General managers of 26 National Football League (NFL) teams attended a seminar conducted at Harvard this week by Business School professors on the strategies and techniques of contract negotiations.
The increasing number of professional football players represented by agents with negotiating skill triggered the need for this unusual seminar, Rusty Martin, administrative coordinator of the NFL Management Council said yesterday. Martin added that the seminar instructed managers not to "depress future salaries," but to "recognize bargaining strategies and techniques being used against them."
The seminar may be used as a "foundation" for the NFL to stem conditions which have led other sports to "price themselves out of the market," Jack Donlan, executive director of the NFL Management Council, said.
Skewers
"I would be surprised if the general managers didn't have positive reactions--knowing they were coming here to skew the union. I'd expect them to leave gleeful, smiling and jumping," Donald Brodie, assistant executive director of NFL players associations said.

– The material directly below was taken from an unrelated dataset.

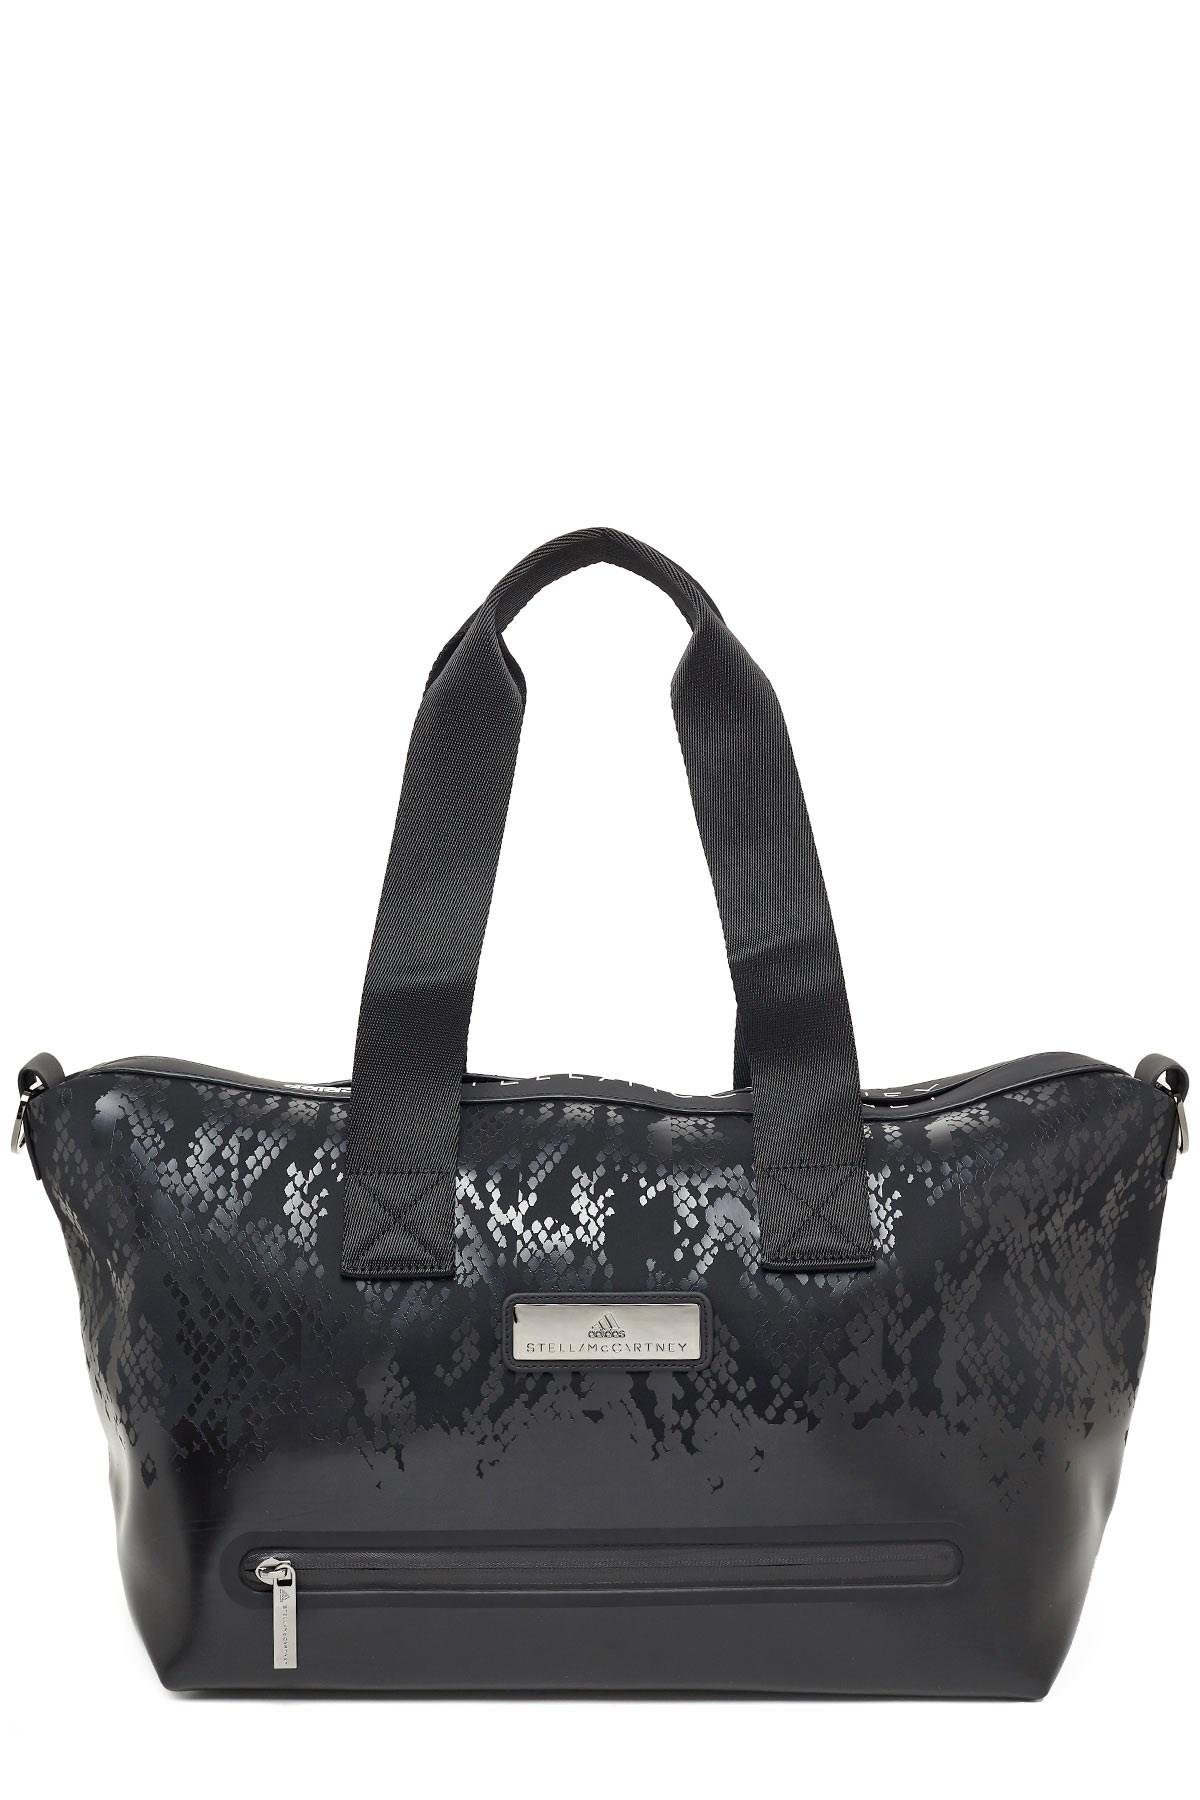 eae53136ac66 adidas by stella mccartney  Studio  gym bag available on julian ...

Brodie said he was surprised by the use of "Harvard professors to determine ways to avoid the reach of anti-trust labor laws and to do injury to collective bargaining."

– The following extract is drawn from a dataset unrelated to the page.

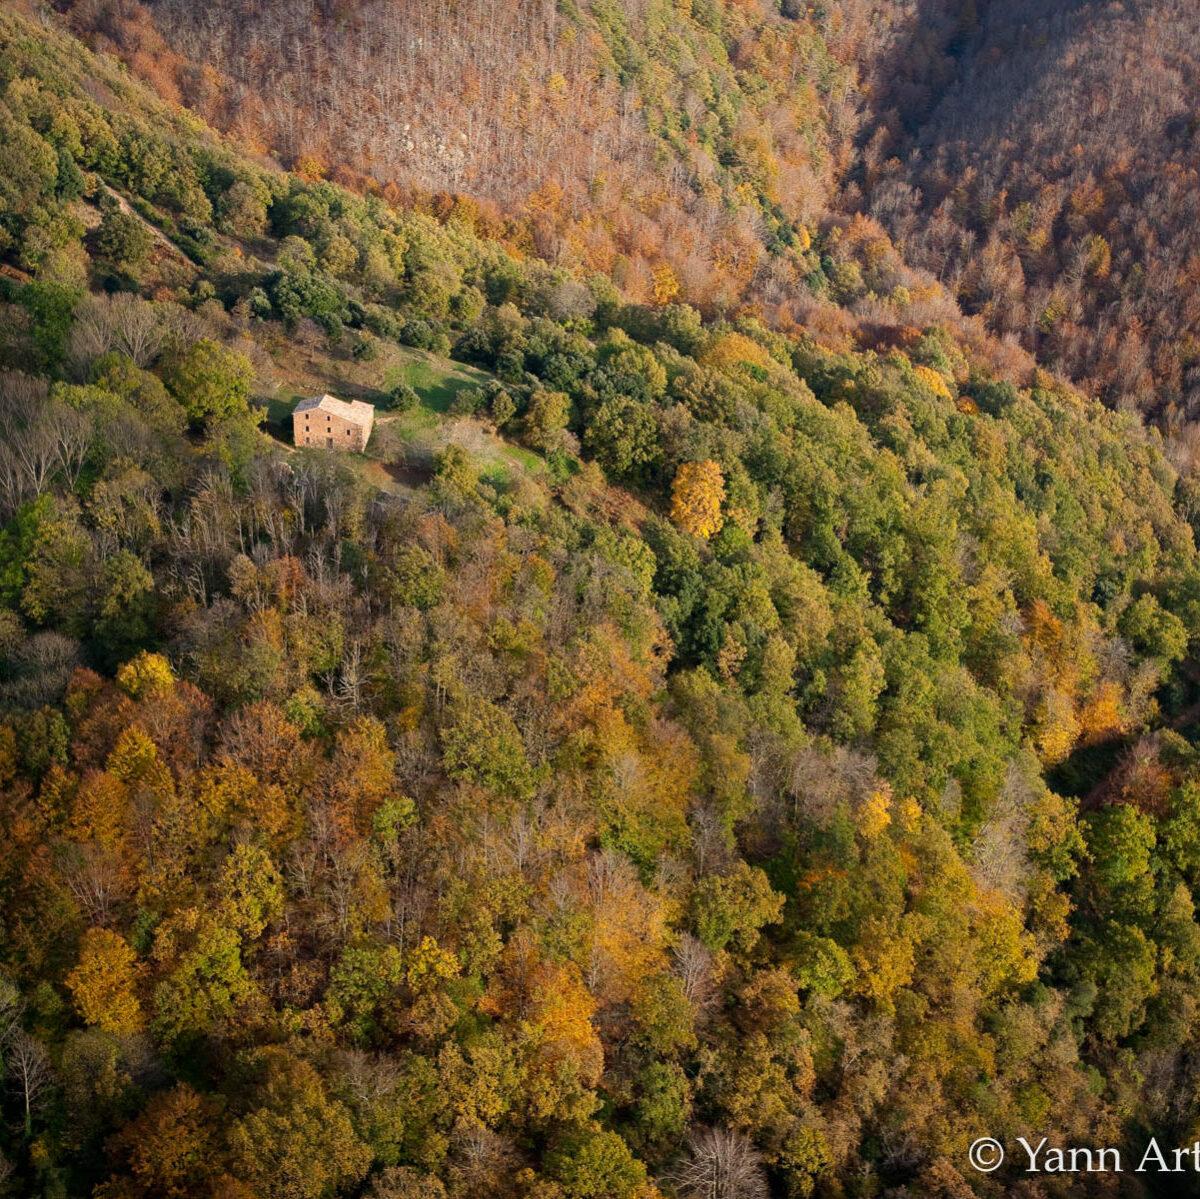 reforestation naturelle forets spontanées

Donlan said the seminar did not violate anti-trust laws because the instruction did not include specific information on player salaries.
The three day seminar, headed by Donald D. Wyckoff, professor of Transportation, used the case study method by taking business experiences and refining them to football situations, Donlan said.
Tight-Lipped
Don Kolsterman, general manager of the Los Angeles Rams, said yesterday the seminar had been "very helpful," but declined further comment.
Alan Webb, general manager of the Cleveland Browns, said that he had gained some "knowledge," and Ron Wolf, general manager of the Oakland Raiders, said, "I'm glad I came." Both declined further comment.